For executive producer Will Ferrell (yes, that Will Ferrell), Norwegian director Tommy Wirkola makes his Hollywood debut with material closely following the temperament of Sam Raimi’s Army of Darkness (1992), which comes as no surprise since his Nazi-zombie cult favorite Dead Snow (2009) was littered with references to Raimi’s Evil Dead series. For his leads, somehow Wirkola snagged Jeremy Renner and Gemma Arterton, stars far too talented for material best suited for a SyFy Channel Original. As comic-book style heroes, they look and feel disjointed from their Medieval setting of Augsburg, Germany, parading around in flashy getups and speaking with American accents (despite Arterton being British and all supporting characters speaking with a German accent). They’re a far cry from Bruce Campbell’s chainsaw-armed Ash, whose modern presence in Army of Darkness’ Medieval world could at least be explained by time travel. Here, there’s no such excuse.

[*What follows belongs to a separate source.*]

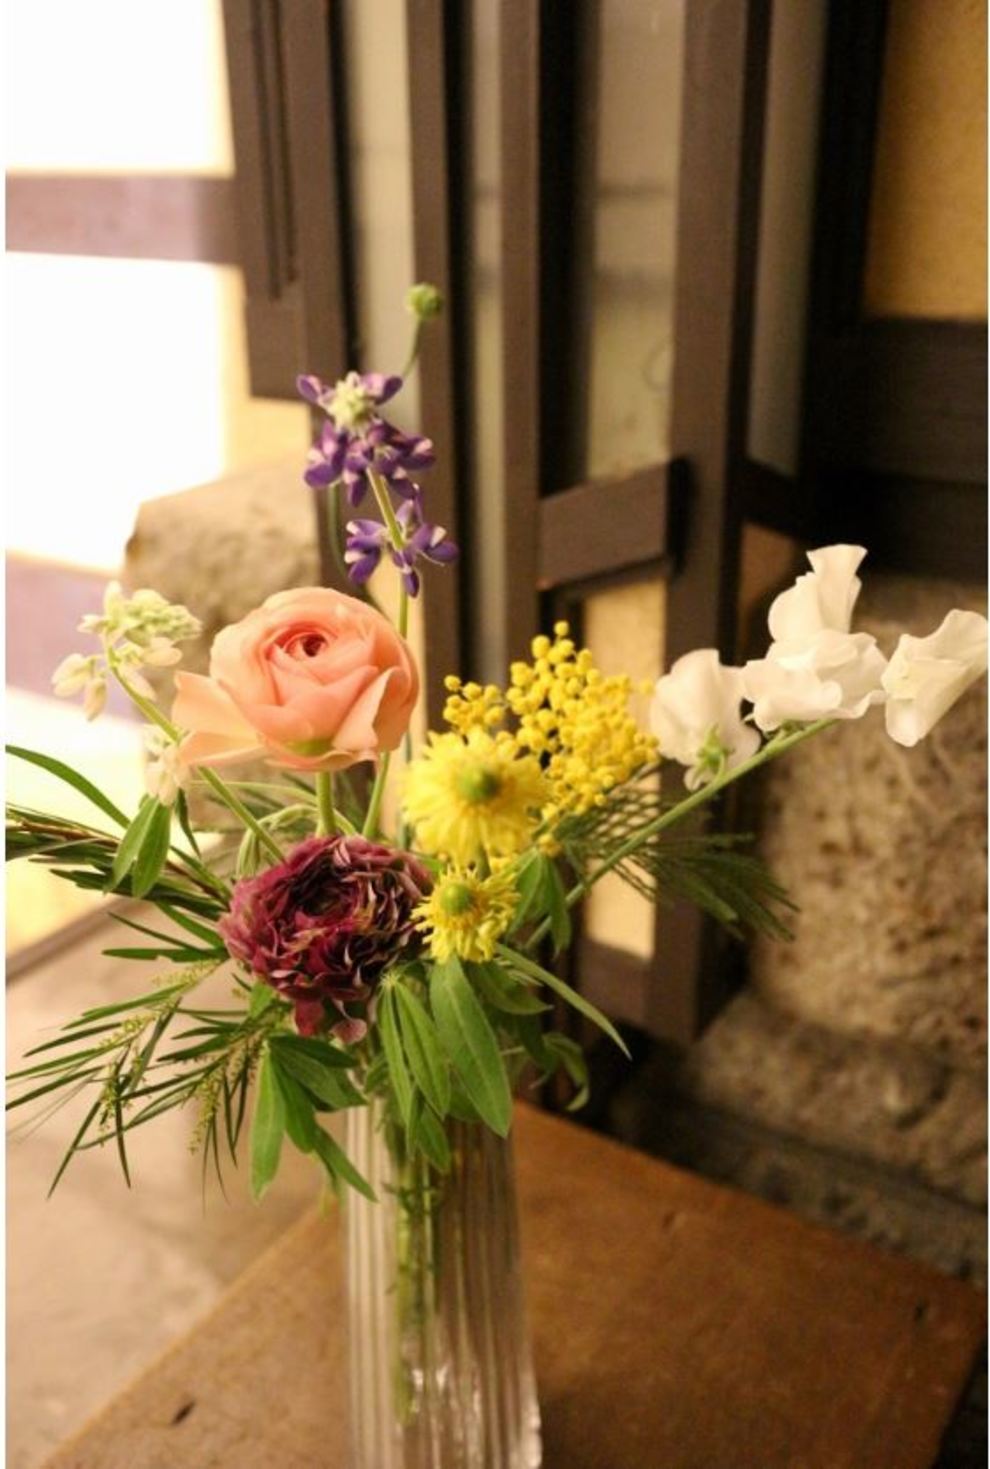 Decoration Florale デコラシオンフローラル 芸術文化 フラワーデザイン Bouquets Ryoko 小林亮子によるフラワーレッスンを自由学園明日館や銀座松屋など都内で開催しています

Taken out into the dark forest as children and abandoned by their father, Hansel and Gretel quickly learned that witch magic has no effect on them. In the subsequent years as adults, they’ve used this advantage to make a name for themselves as witch-killers-for-hire. Who knows how they procured a bunch of automatic weapons and fancy gadgets to help in witch slaying; the movie never explains. When it opens, our heroes are long-established the land over and contracted to a new assignment. Nearly a dozen children have gone missing in Augsburg, and so the Mayor (Rainer Bock) enlists their services to investigate, hurting the pride of the ineffectual and vindictive Sheriff (Peter Stormare). Tailed by a local lad (Thomas Mann) who has a bad case of hero worship, Hansel and Gretel quickly uncover grand witch Muriel’s (Famke Janssen) scheme to perform a ceremony that will grant her and her cohorts immunity to fire. Clues suggest the scheme somehow relates to their long-lost parents, but neither character seems too concerned with how. Prepare to battle yawns as the plot unfolds without a single unexpected turn.

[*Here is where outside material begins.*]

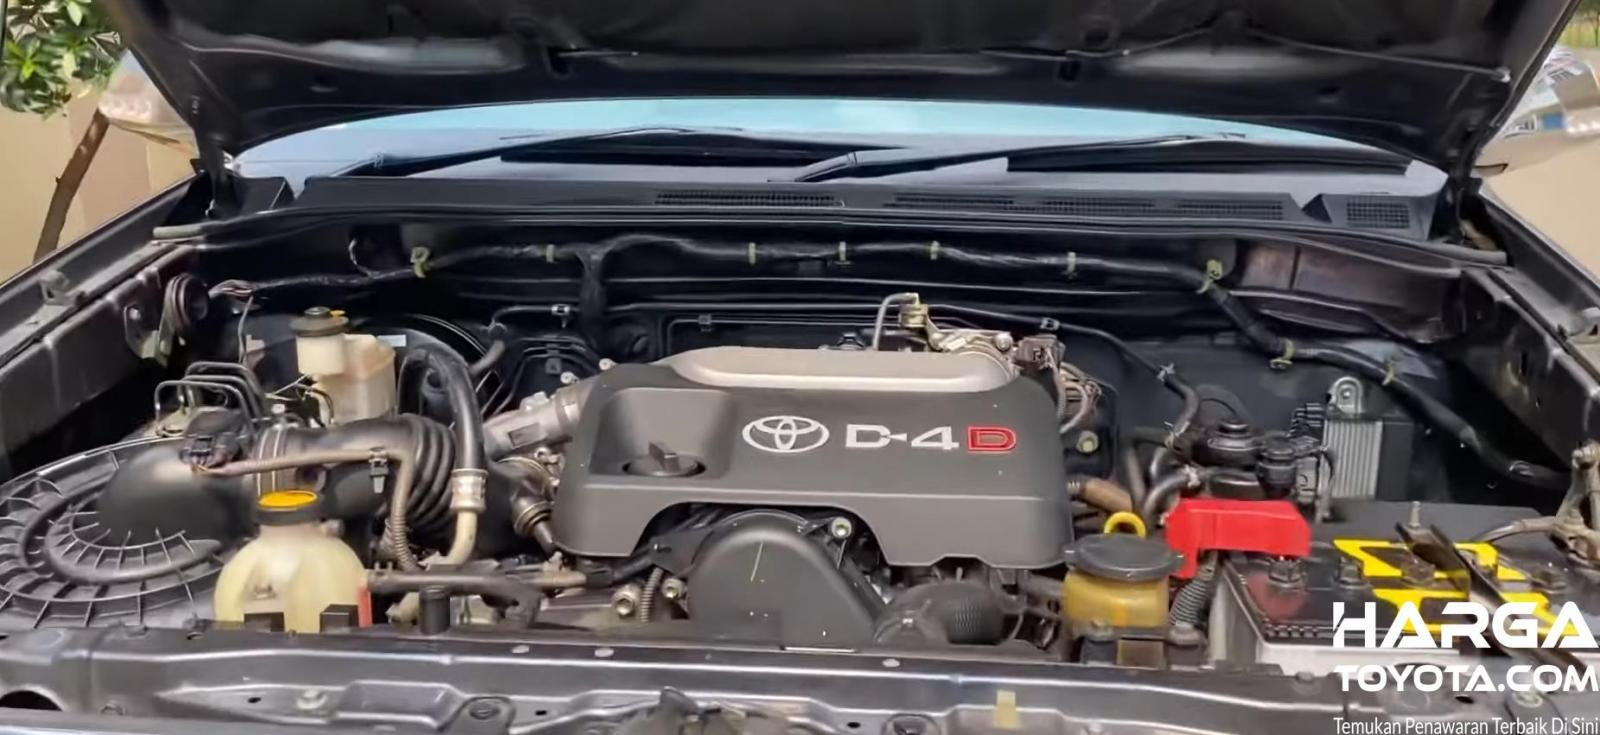 Gambar ini menunjukkan mesin pada mobil Toyota Fortuner

Without a hint of characterization, Renner and Arterton move from scene to scene with little else to do except act out choppily edited fight sequences and shootouts, most ending with a burst of gore as punctuation. Not even the intentionally campy, blood-soaked, R-rated violence throughout provides enough distraction from the dull personalities before us. Wirkola has written his heroes without character—no eccentricities, weaknesses, strengths, or identifying features whatsoever. There is no jokey banter, sexuality, or quirks. No emotional conflicts for our heroes to overcome, no romance, and no stakes worth investing ourselves in. They may as well be cardboard cutouts up there on the screen. What a waste of Renner and Arterton’s talent, as both are capable of so much. With Renner’s track record, the good (including The Avengers, The Town, and The Hurt Locker). outweighs the bad; whereas Arterton’s rare instances of real acting (see Tamara Drewe or The Disappearance of Alice Creed) have not yet prevailed over her attraction to crap (don’t see Prince of Persia or Clash of the Titans).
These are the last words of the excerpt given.